Liebe Kolleginnen und Kollegen, liebe Leserinnen und Leser,

venöse Thromboembolien sind gefürchtete Komplikationen nach Verletzungen und operativen Eingriffen. Deshalb ist eine medikamentöse Prophylaxe fester Bestandteil der peri- und postoperativen Versorgung, wofür heute fast ausschließlich niedermolekulare Heparine sowie in letzter Zeit auch Fondaparinux eingesetzt werden. Die Suche nach Antithrombotika mit möglicherweise noch besserer Wirksamkeit und bequemerer Handhabung führten zur Entwicklung einer neuen Klasse oral verabreichbarer Substanzen, deren Zulassung zur klinischen Verwendung bisher nur für elektive, also nicht unfallchirurgisch-typische Eingriffe erteilt wurde. Dennoch haben die Autoren der Beiträge zum Leitthema „Was gibt es Neues zur Thromboembolieprophylaxe in der Unfallchirurgie?“ diesen neuen Präparaten breiten Raum gewidmet, da deren baldige Verfügbarkeit für weitere Indikationen zu erwarten ist und sie in bestimmten Konstellationen bereits derzeit einsetzbar sind, weswegen man über die Eigenschaften und Handhabung informiert sein sollte.

Venöse Thromboembolien sind gefürchtete Komplikationen nach Verletzungen und operativen Eingriffen

Siebenlist et al. geben eine Übersicht über das klinische Entwicklungsprogramm und das pharmakologische Wirkprofil der beiden bisher zur Thromboembolieprophylaxe zugelassenen Präparate Rivaroxaban und Dabigatranetexilat sowie der noch im Zulassungsverfahren befindlichen Substanz Apixaban. Die Studienergebnisse werden aus unfallchirurgischer Sicht diskutiert und die sich daraus ableitbaren Bezüge zur Unfallchirurgie dargelegt.

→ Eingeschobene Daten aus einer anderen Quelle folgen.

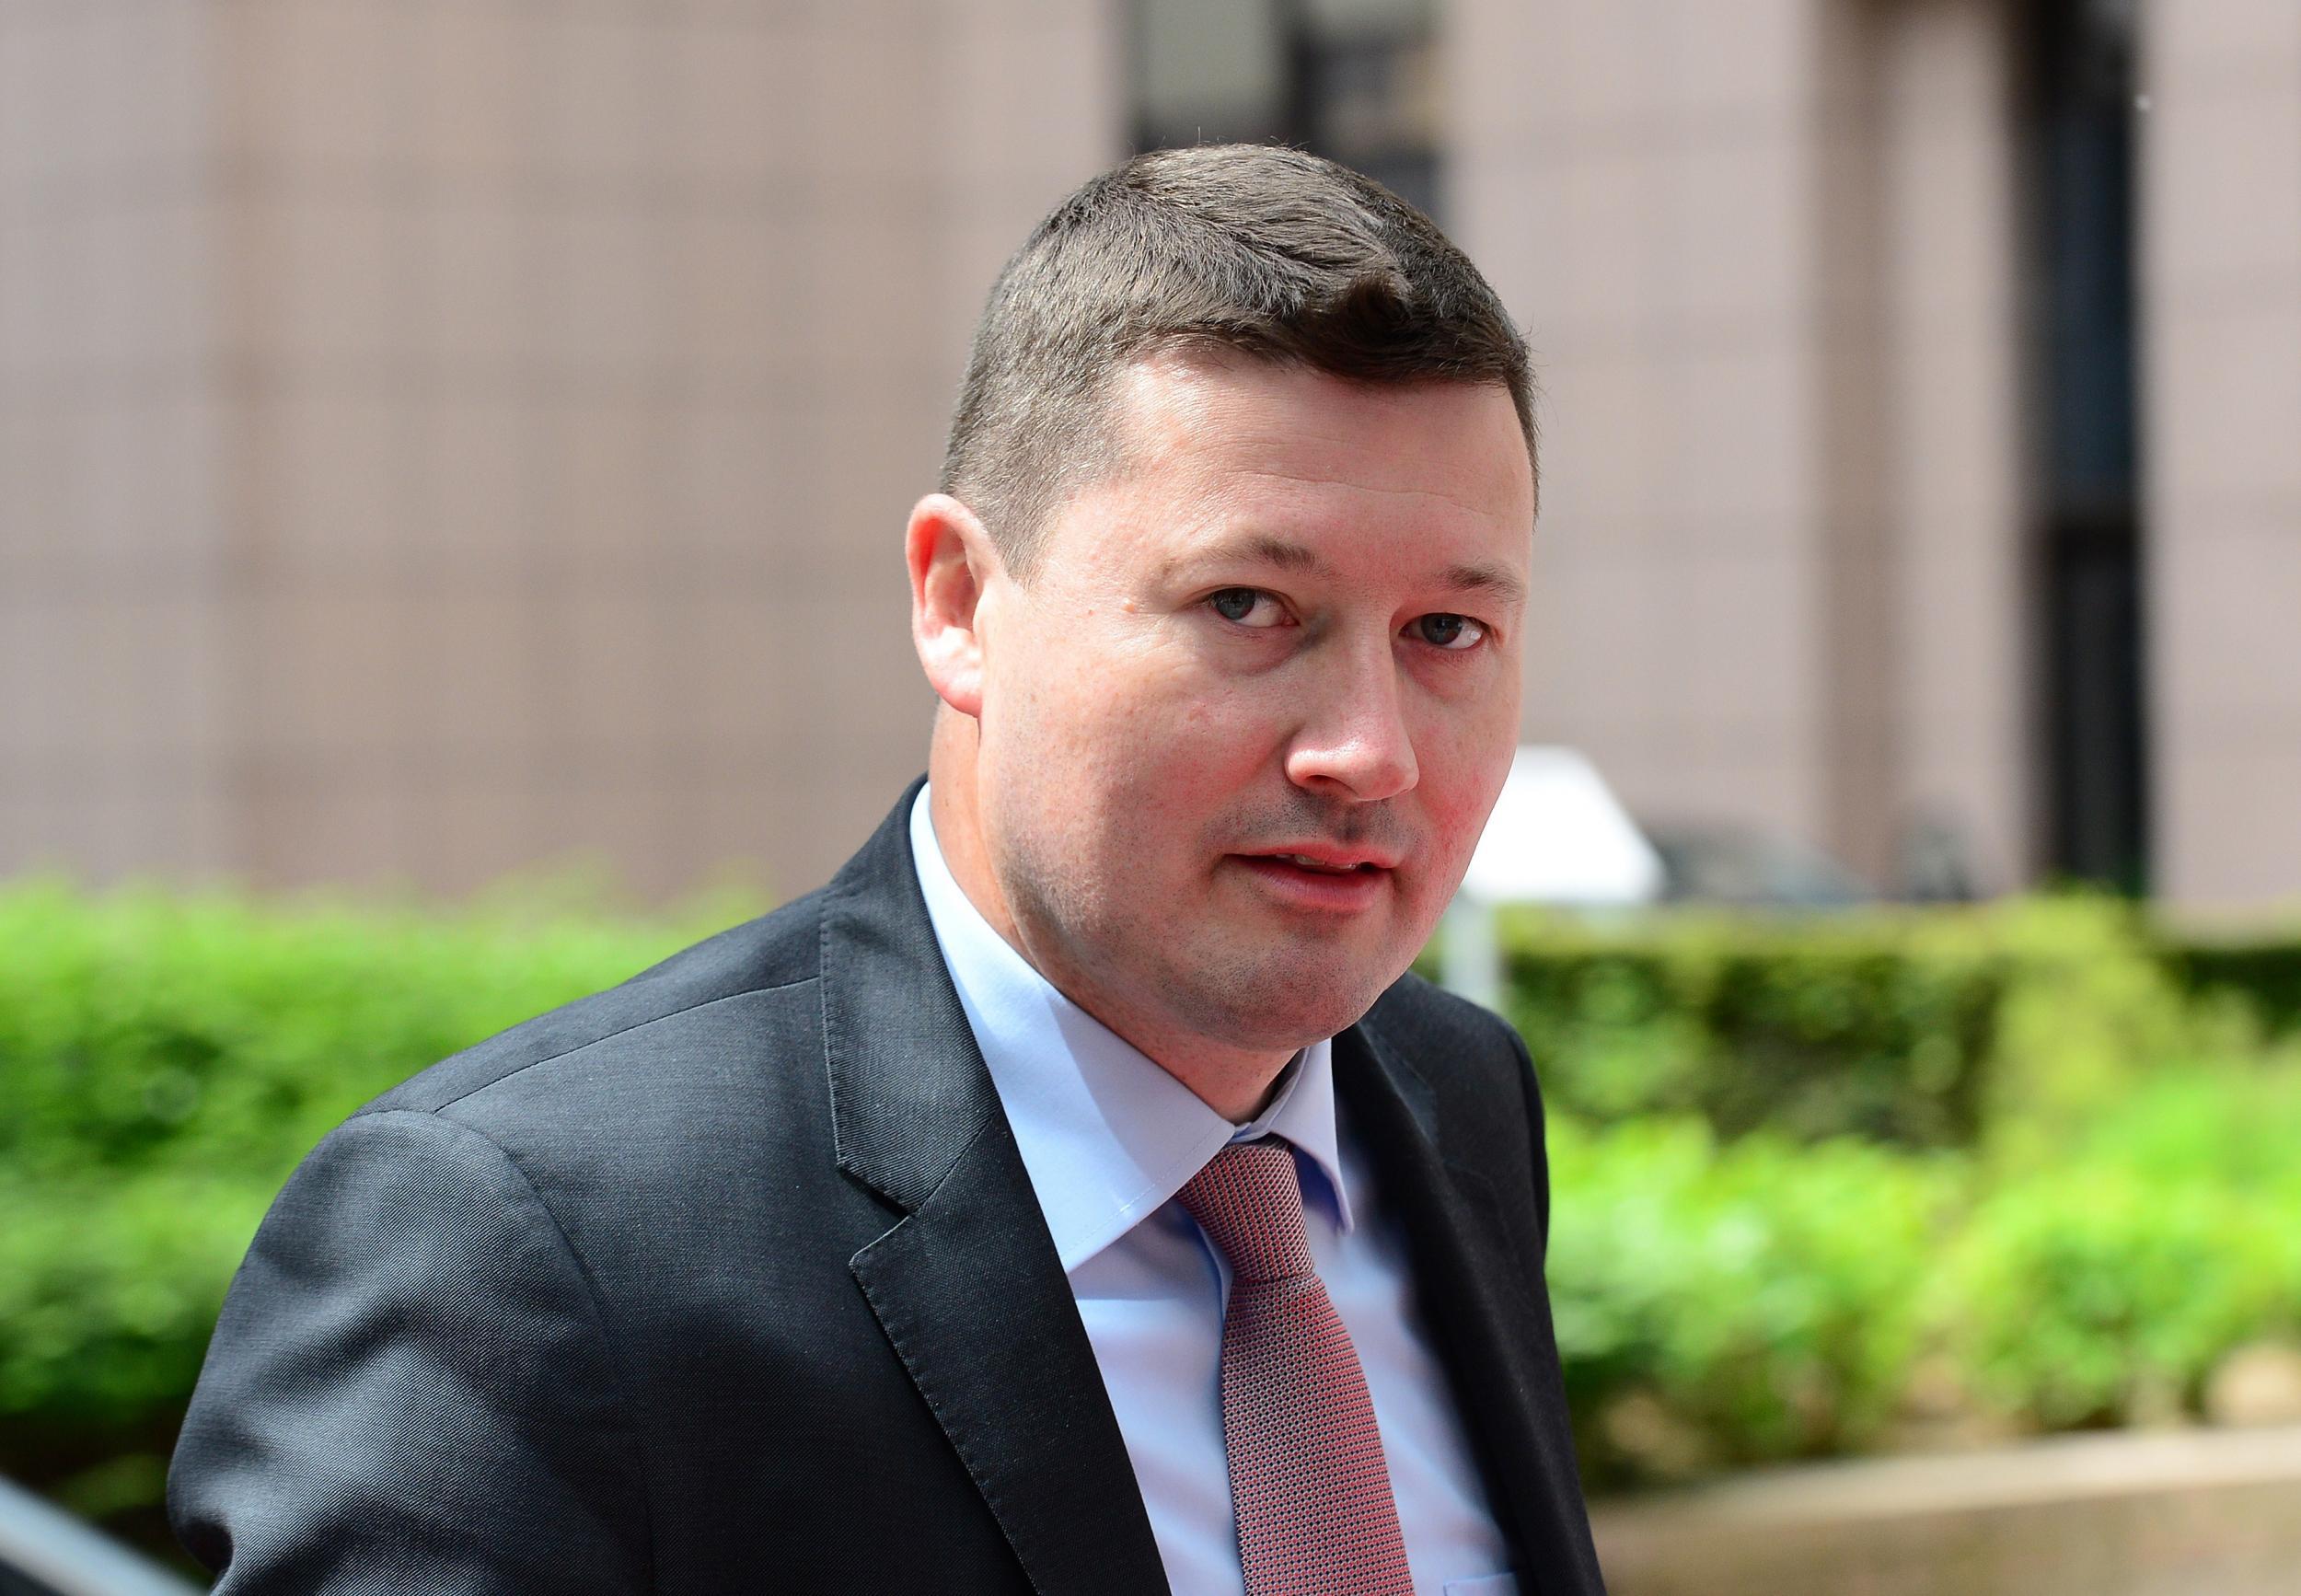 Martin Selmayr, Jean-Claude Juncker’s chief of cabinet, was accused of the leak, but denies it (Getty)

Haas et al. behandeln in ihrem Beitrag die auf Leitlinien gestützten Empfehlungen zur Thromboembolieprophylaxe und gehen insbesondere auf die Neufassung der S3-Leitlinie bezüglich des Einsatzes von Rivaroxaban und Dabigatranetexilat zur Prophylaxe bei elektivem Hüft- und Kniegelenkersatz ein. Unfallchirurgische Aspekte werden hervorgehoben und Handlungsempfehlungen für die Unfallchirurgie vorgeschlagen.

Schellong et al. beschreiben verschiedene Szenarien der Überbrückung, des Wechsels und der perioperativen Pause von Antikoagulanzien. Im Falle von Patienten unter Langzeitantikoagulation mit Vitamin-K-Antagonisten, bei denen ein operativer Eingriff vorgenommen werden soll, muss bei Absetzen dieser Antikoagulation eine Überbrückung (Bridging-Antikoagulation) vorgenommen werden. Dafür werden gemäß derzeitigem Konsens als Medikamente der ersten Wahl niedermolekulare Heparine eingesetzt, da sie ohne Gerinnungsmonitoring und Dosisanpassung auch ambulant verabreicht werden können. Sie sind für diese Indikation zwar nicht zugelassen, aber durch Studien der letzten Jahre bezüglich Wirksamkeit und Sicherheit inzwischen wesentlich besser belegt als unfraktioniertes Heparin. Für den Wechsel (Switching) zwischen verschiedenen Antikoagulanzien werden schwerpunktmäßig die neuen oralen Substanzen besprochen. Sie erfordern wegen ihrer kurzen Halbwertszeiten keine Bridging-Antikoagulation mehr, da sie unter Einhaltung gewisser Antikoagulationspausen in Zukunft auch perioperativ eingesetzt werden können.

Gogarten et al. erläutern die neuen europäischen Empfehlungen der European Society of Anaesthesiology zum Einsatz der konventionellen und neuen Antikoagulanzien bei rückenmarknahen Anästhesieverfahren. Es sei bemerkt, dass diese Empfehlungen im vorliegenden Band des Unfallchirurgen erstmalig in deutscher Sprache behandelt werden.

Die Autoren der Beiträge geben eine kurze Übersicht über die Eigenschaften der neuen oralen Antikoagulanzien und zeigen im Kontext mit Leitlinienempfehlungen neue Möglichkeiten der Thromboembolieprophylaxe aus der Sicht des Unfallchirurgen auf. Die Vorteile, aber auch mögliche Fallstricke und Unsicherheiten beim Einsatz dieser Präparate werden dargelegt. Letztendlich war es das Ziel der Autoren, durch Informationen über die neuen oralen Antikoagulanzien und durch klar formulierte Handlungsempfehlungen einen Beitrag zur Verbesserung der medikamentösen Thromboembolieprophylaxe zu leisten.